Structured analytics
Structured analytics operations analyze text to identify the similarities and differences among the documents in a set.
Use structured analytics to quickly assess and organize a large, unfamiliar set of documents. On the Structured Analytics Set tab, you can run structured data operations to shorten review time, improve coding consistency, optimize batch set creation, and improve Analytics indexes.
See these related pages:
Structured analytics operations
Structured analytics consists of several operations that group documents based on their content, analyze that content, or create tools to more effectively filter content. You can run any or all of these operations on the same set of documents.
The operations are:
- Email threading:
- Determines the relationships among email messages by grouping related email items together.
- Identifies inclusive emails, which contain the most complete prior message content, and can bypass redundant content.
- Applies Email thread visualization to visually show replies, forwards, file types, and more. Visualization makes it easier to find the beginning and end of an email chain and track its progression.
- Name normalization:
- Identifies aliases within email headers. These include proper names, email addresses, and so on.

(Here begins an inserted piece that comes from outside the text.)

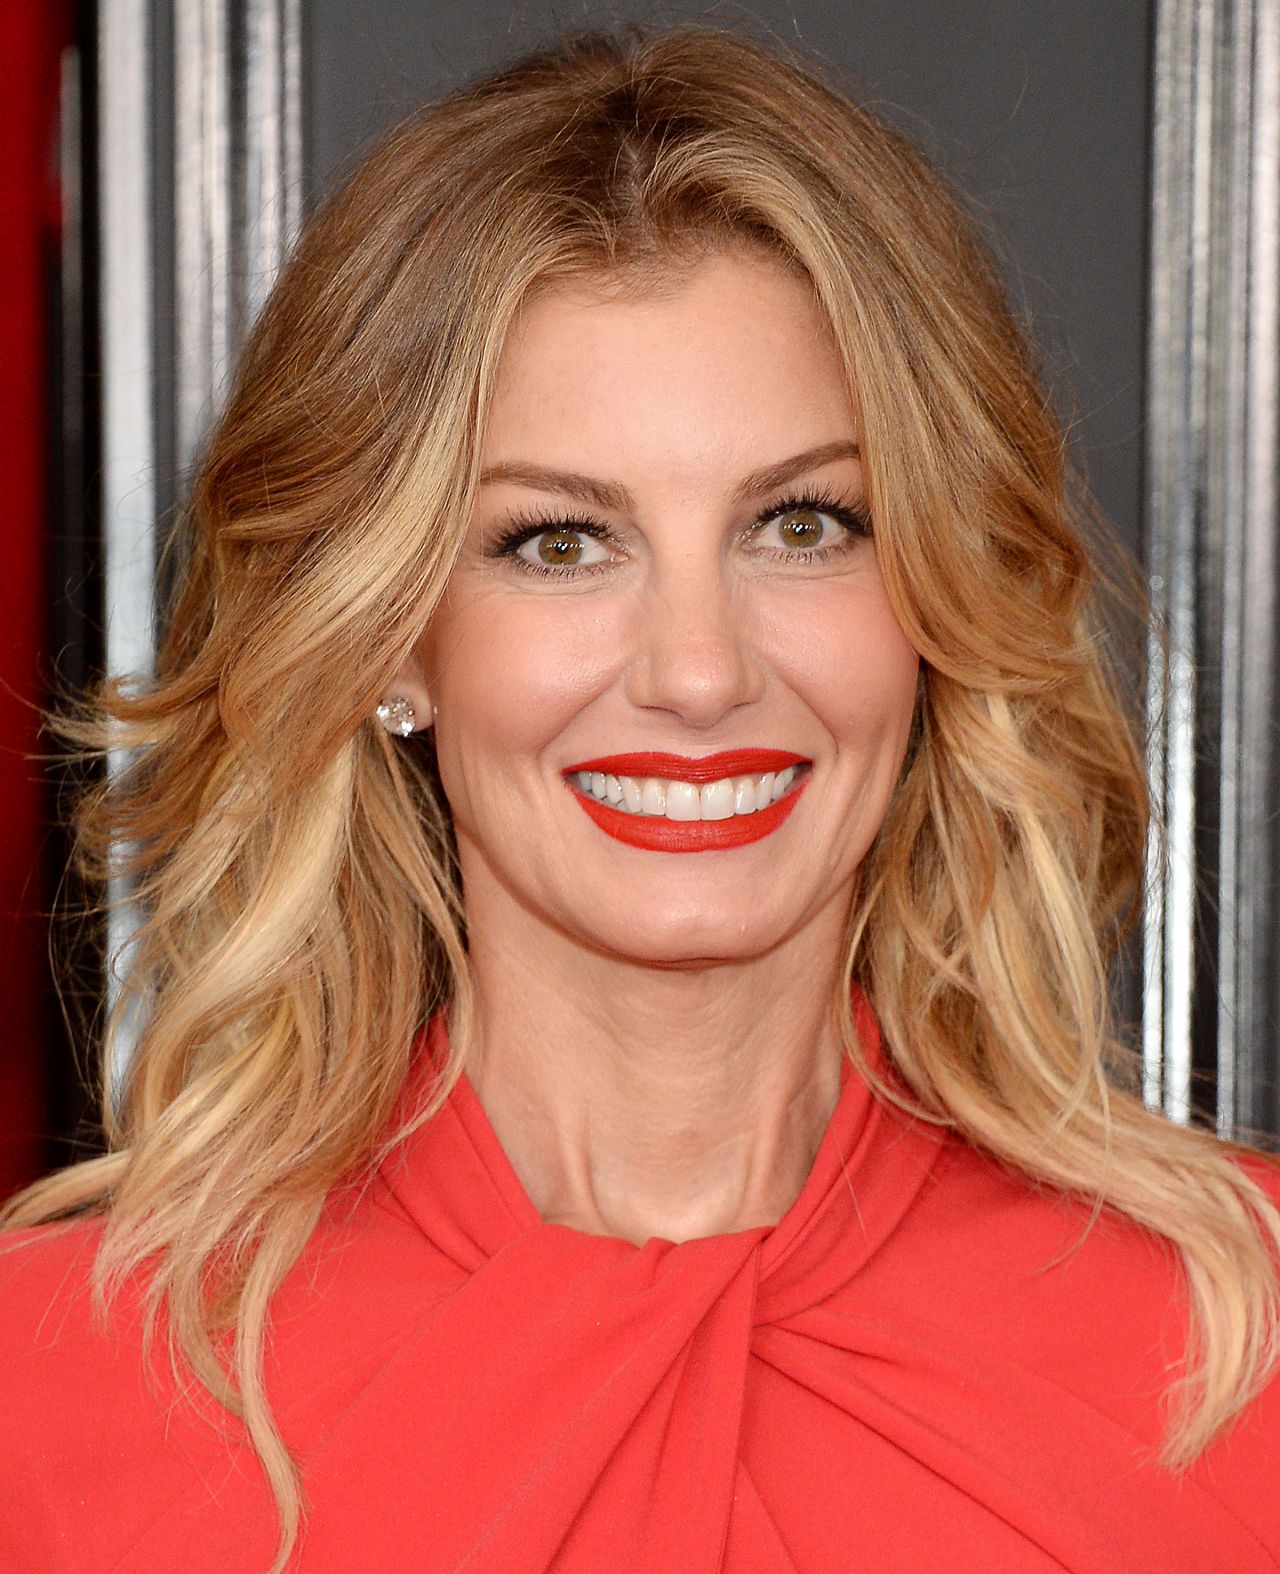 Collection 100+ Images recent pictures of faith hill Updated

- Groups together aliases that refer to the same person, distribution group, and so on. These groups become entities.
- Textual near duplicate identification:
- Identifies documents that are textual near duplicates, meaning that most of their text appears in other documents in the group and in the same order.
- Returns a percentage value showing the level of similarity between documents.

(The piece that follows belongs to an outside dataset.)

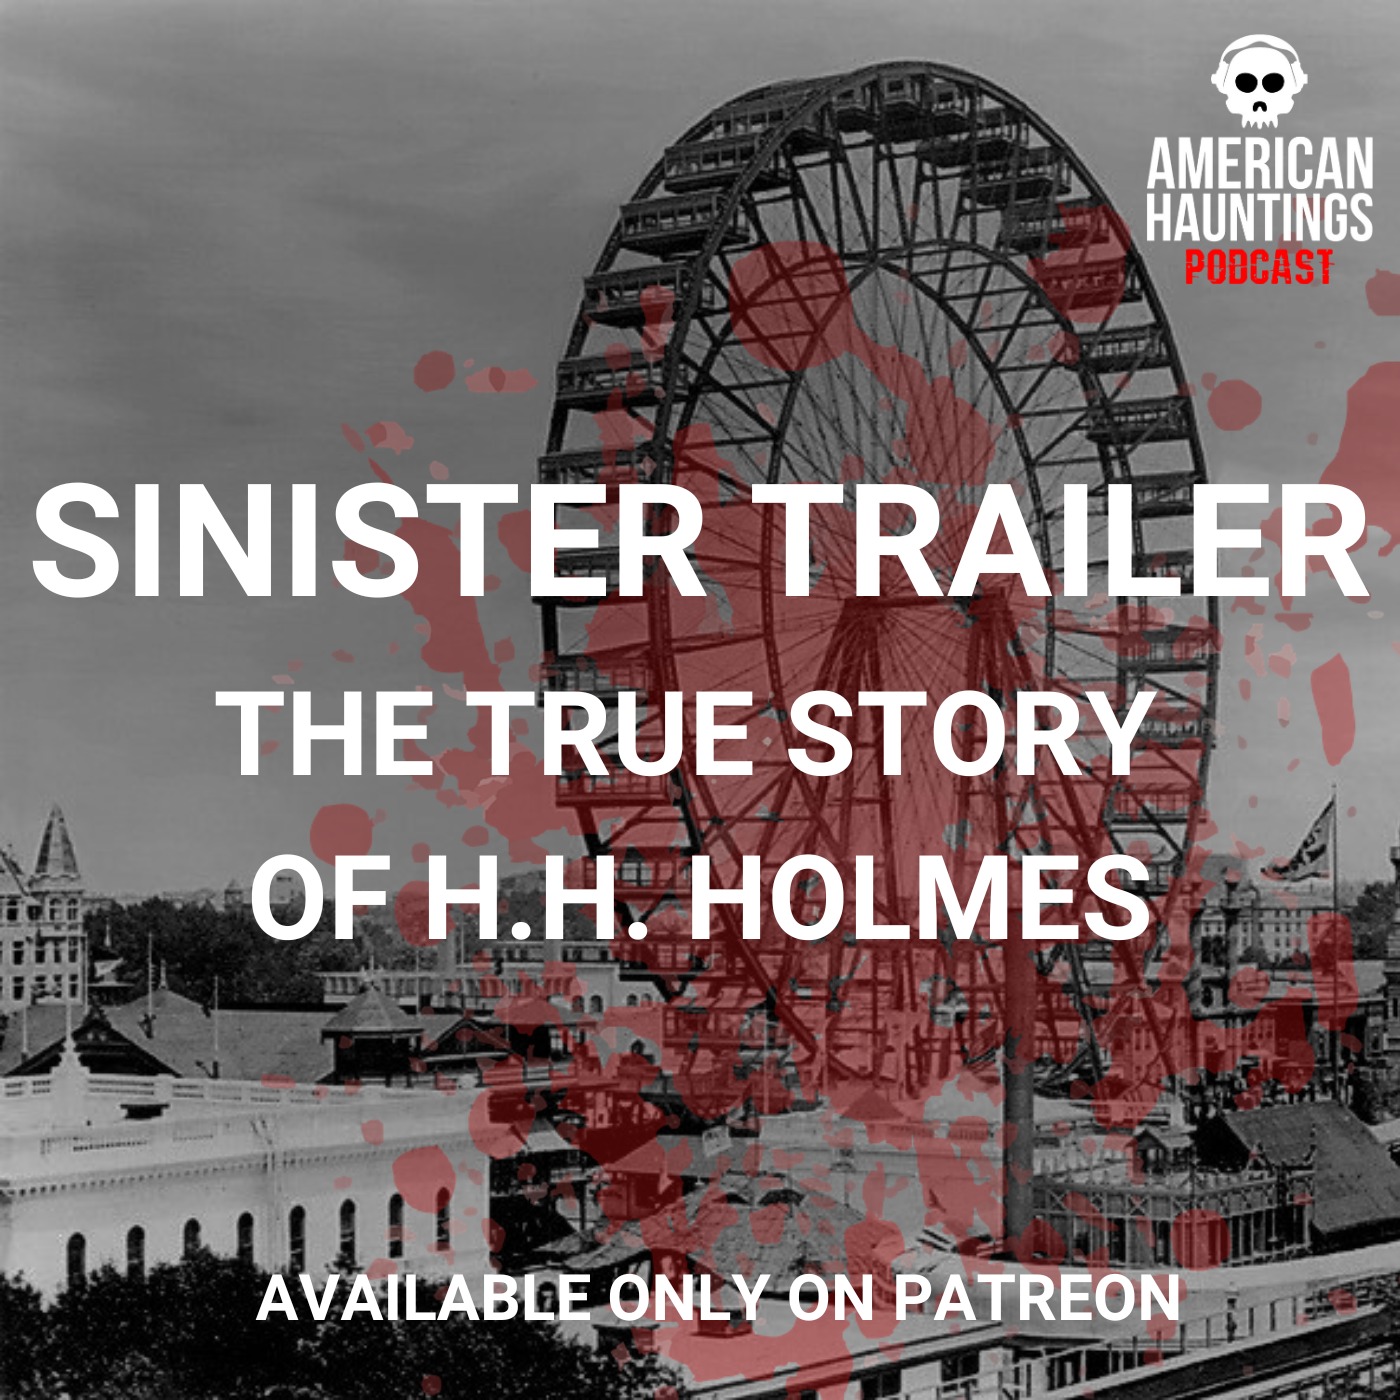 Sinister Trailer: The True Story Of H.H. Holmes

- Language identification:
- Identifies the primary and secondary languages in each document. See the Supported languages matrix for a complete list of languages it can detect.
- Provides the percentage of the message text that appears in each detected language.
- Repeated content identification:
- Analyzes the linked text field to identify repeated content at the bottom of documents, such as email footers and signatures.
- Returns a repeated content filter, which you can apply to an Analytics index to improve Analytics search results.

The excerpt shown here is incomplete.